Dataset excerpt >>

•••••

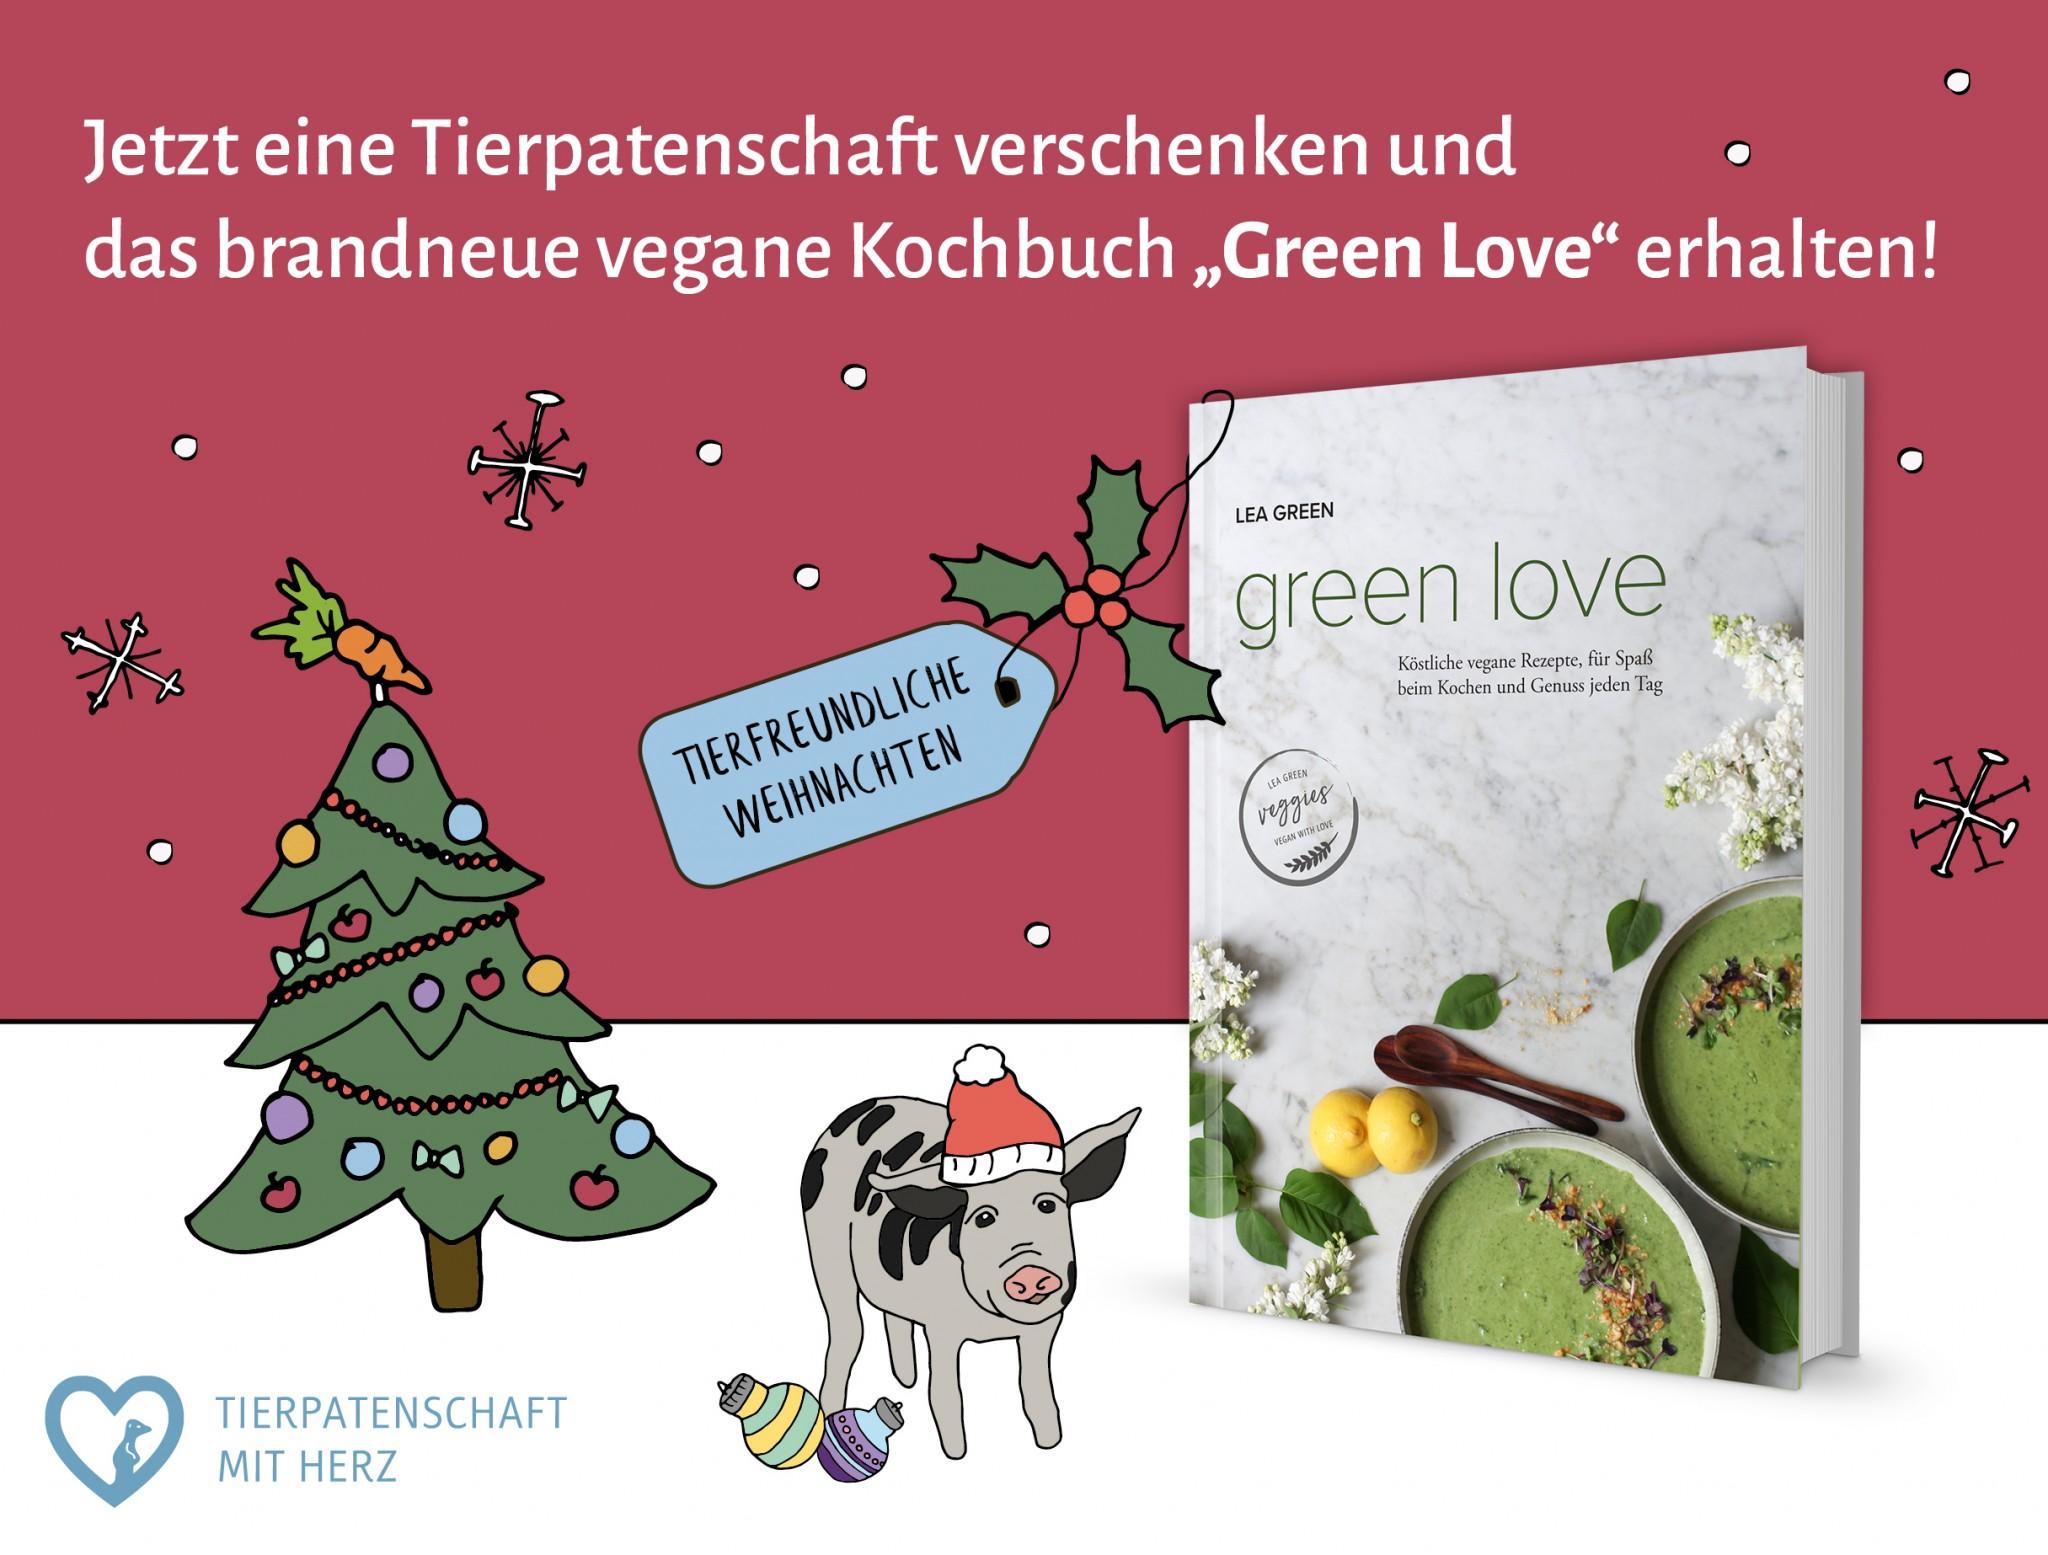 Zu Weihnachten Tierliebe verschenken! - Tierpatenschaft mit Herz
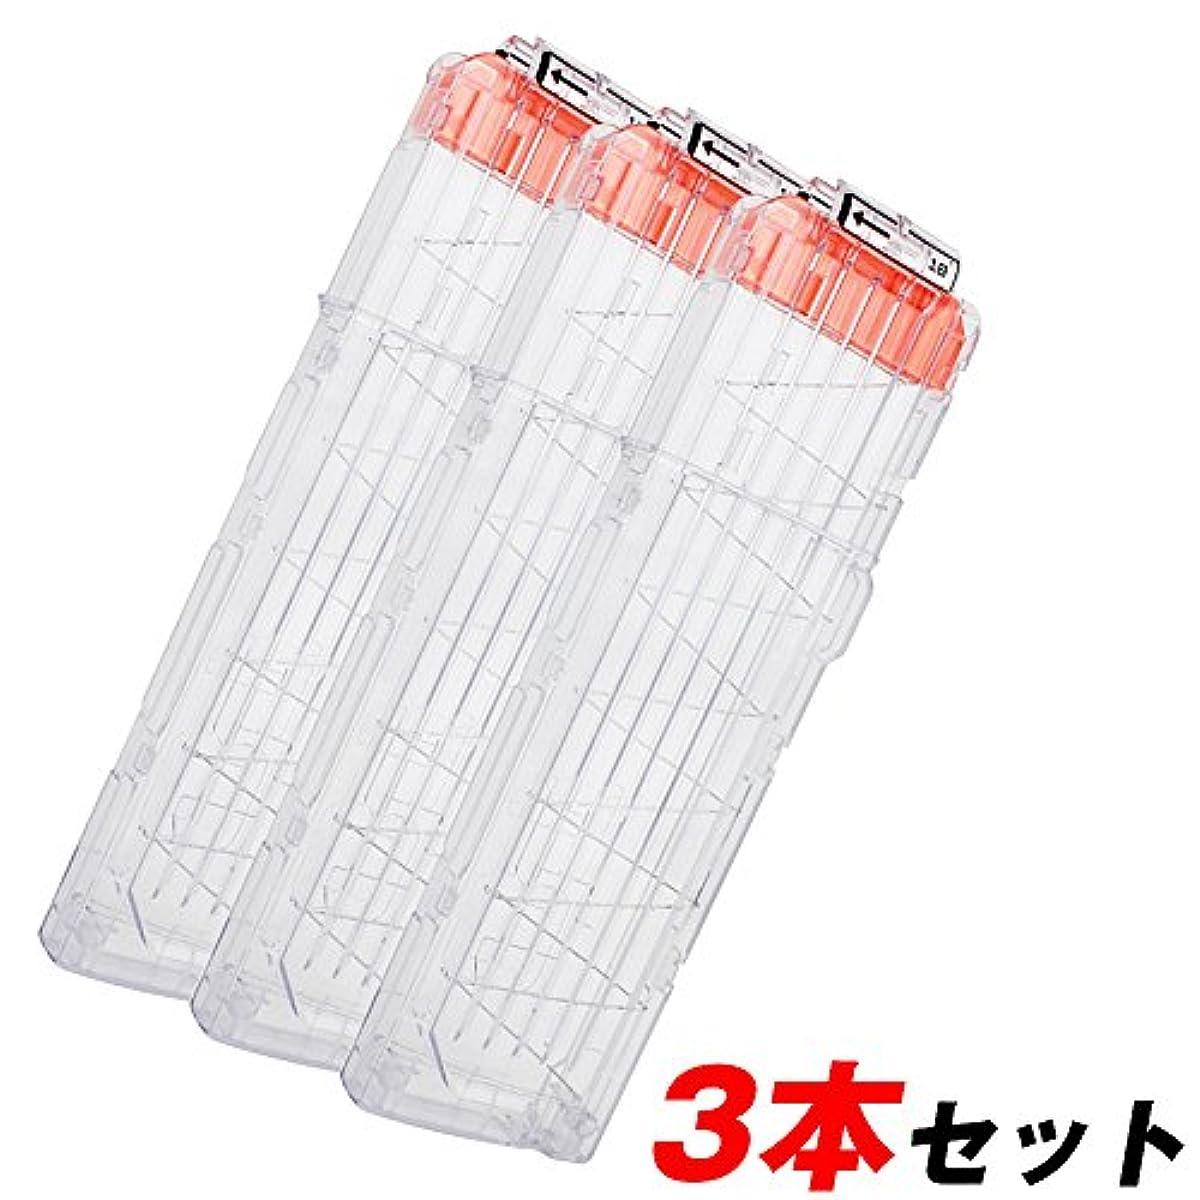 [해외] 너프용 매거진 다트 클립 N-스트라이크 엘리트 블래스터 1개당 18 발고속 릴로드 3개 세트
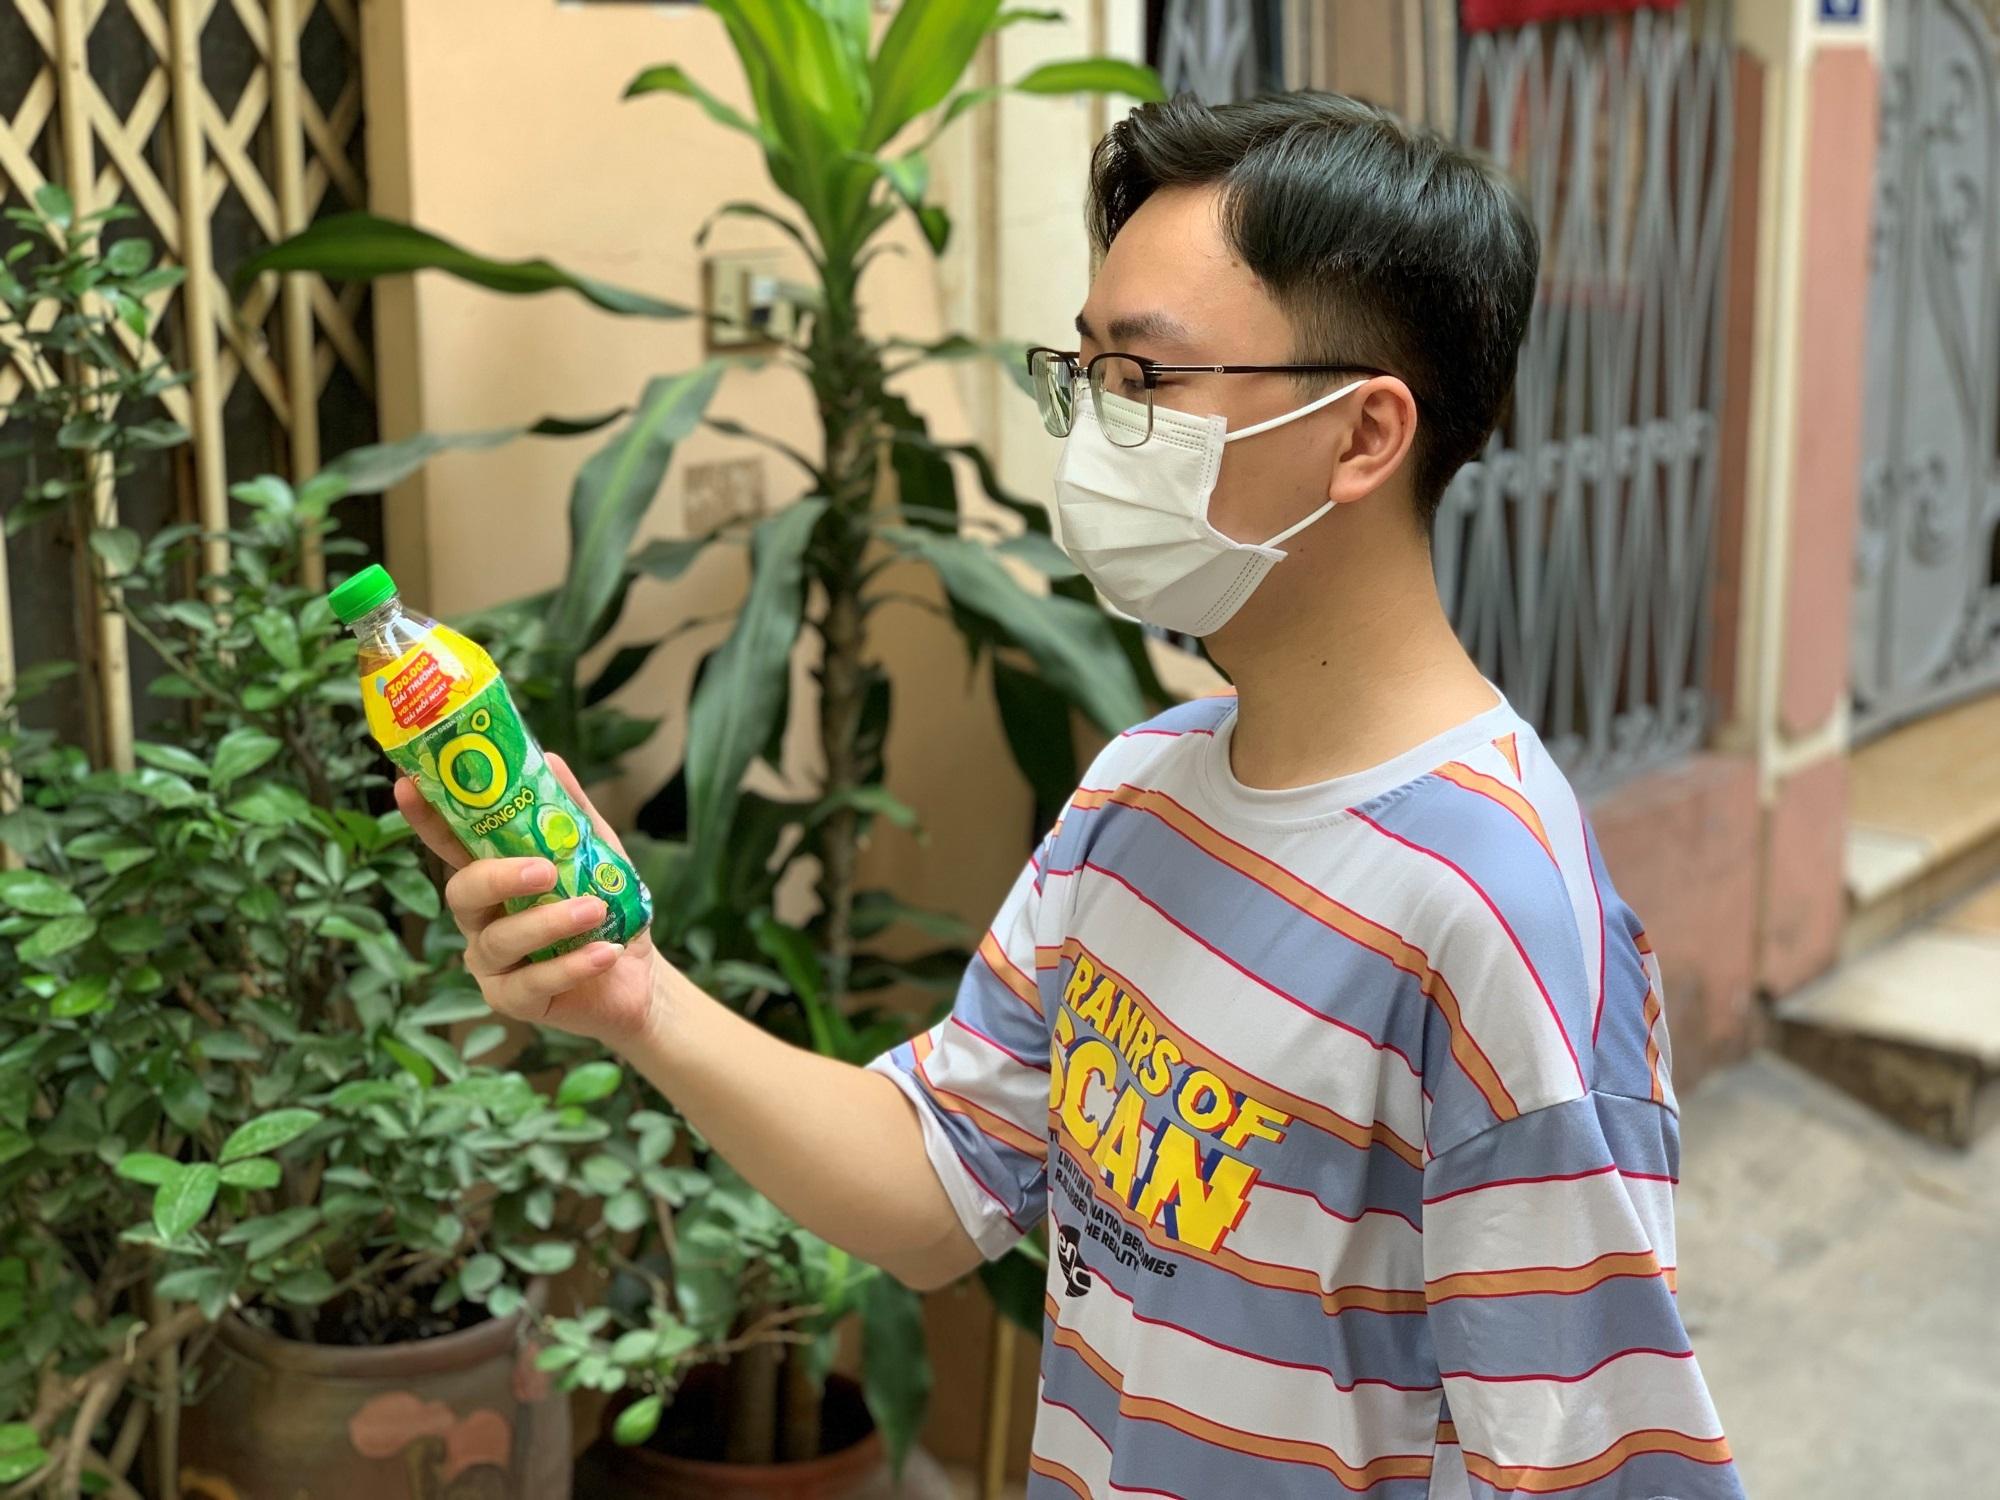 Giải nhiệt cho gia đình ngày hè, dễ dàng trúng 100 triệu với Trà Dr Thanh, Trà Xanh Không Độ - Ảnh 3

•••••

About this task >>
What the reply must contain is an exact transcription of the data above and none of its pictures.

Completed exercise >>
 Zu Weihnachten Tierliebe verschenken! - Tierpatenschaft mit Herz
 [해외] 너프용 매거진 다트 클립 N-스트라이크 엘리트 블래스터 1개당 18 발고속 릴로드 3개 세트
 Giải nhiệt cho gia đình ngày hè, dễ dàng trúng 100 triệu với Trà Dr Thanh, Trà Xanh Không Độ - Ảnh 3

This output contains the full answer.